DESCRIPTION OF THE TASK.
Would you please return the data below verbatim, without its pictures?

COLLECTED MATERIAL.
☆ ☆ ☆

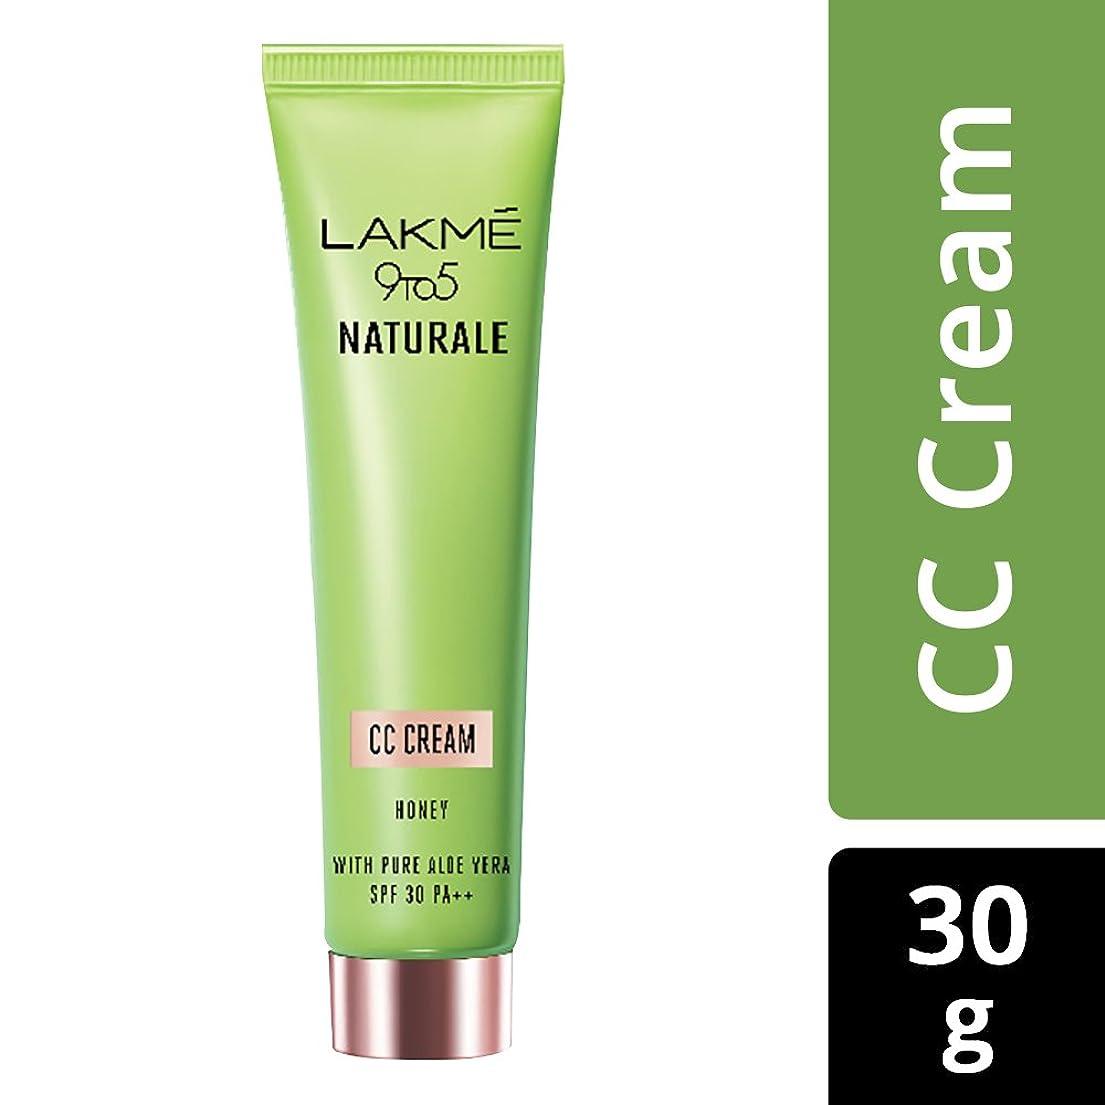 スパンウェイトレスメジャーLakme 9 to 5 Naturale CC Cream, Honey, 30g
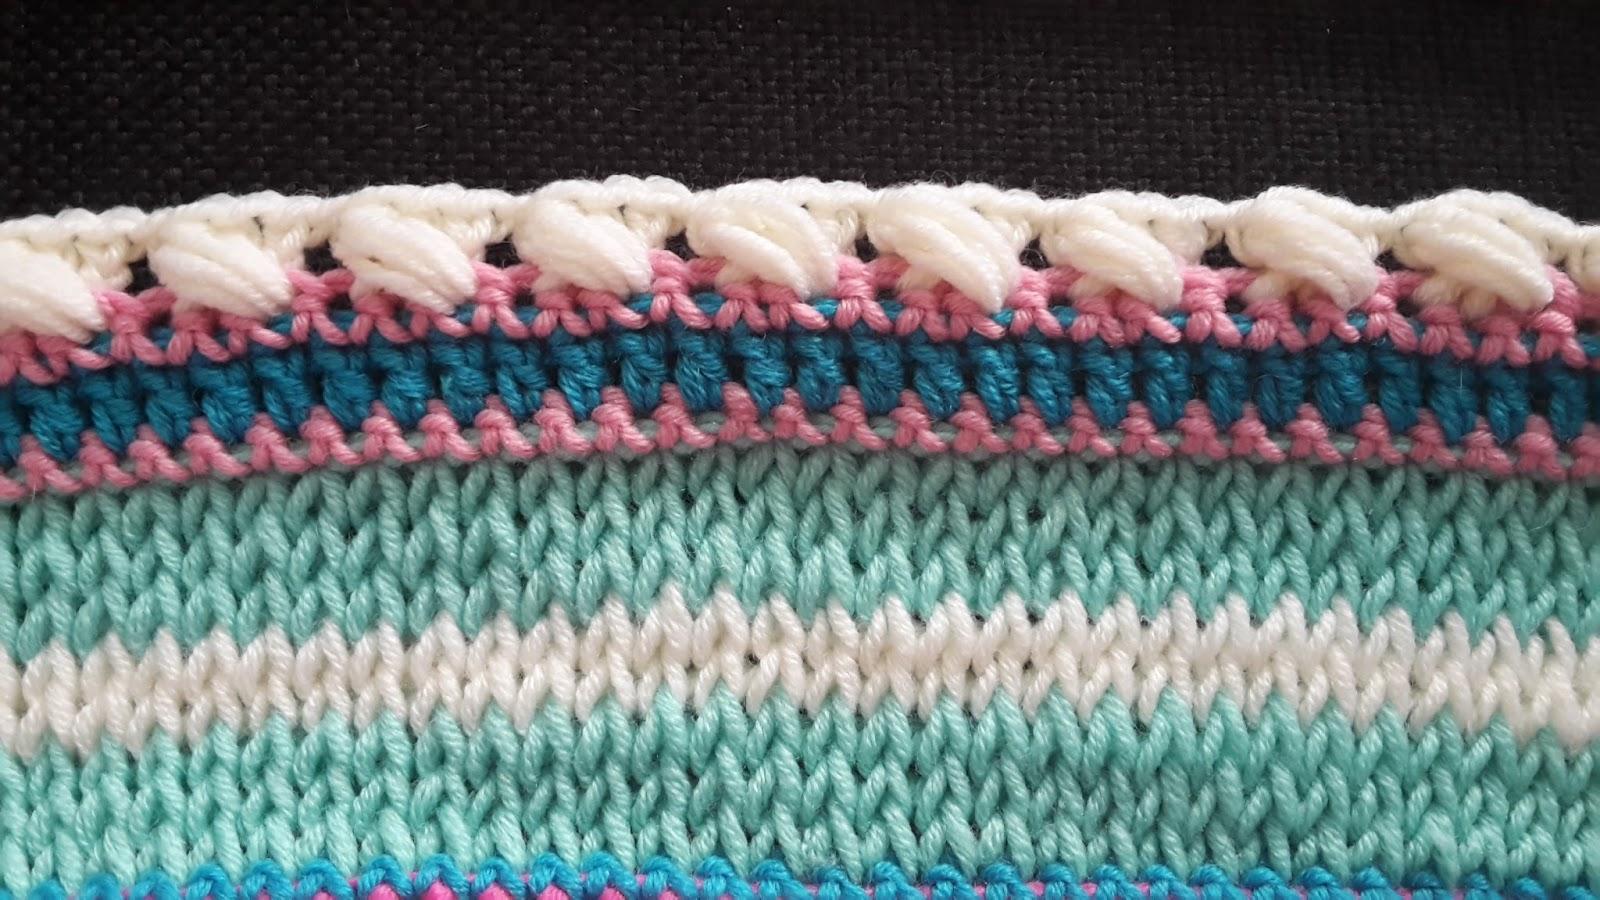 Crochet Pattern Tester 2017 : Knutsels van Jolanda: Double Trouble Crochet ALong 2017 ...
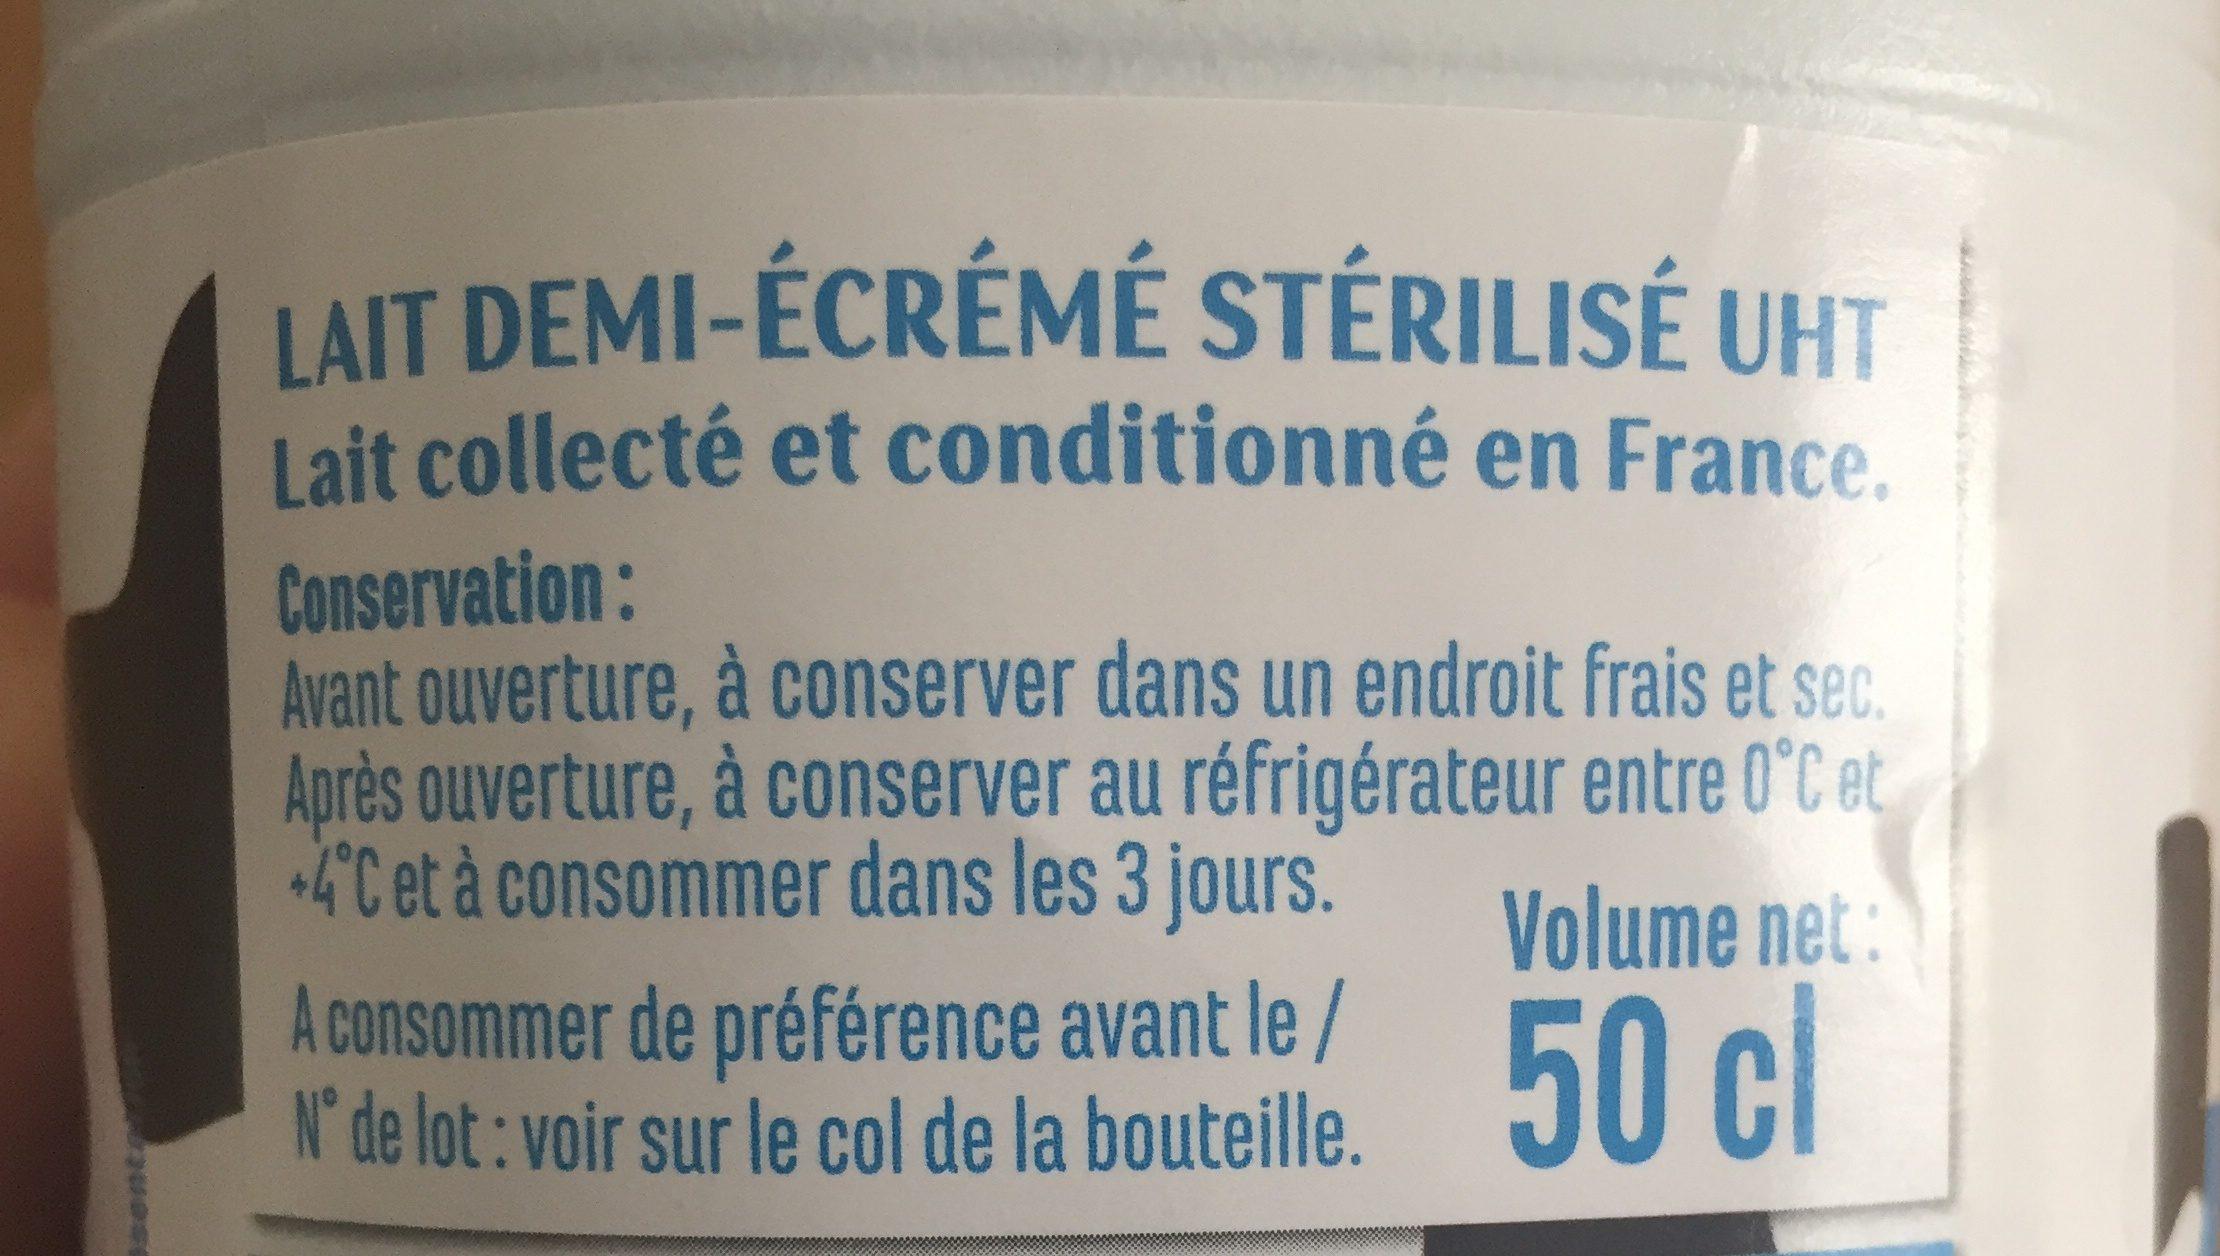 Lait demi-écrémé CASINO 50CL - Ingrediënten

☆ ☆ ☆

ANSWER SPACE.
 スパンウェイトレスメジャーLakme 9 to 5 Naturale CC Cream, Honey, 30g
 Crochet Pattern Tester 2017 : Knutsels van Jolanda: Double Trouble Crochet ALong 2017 ...
 Lait demi-écrémé CASINO 50CL - Ingrediënten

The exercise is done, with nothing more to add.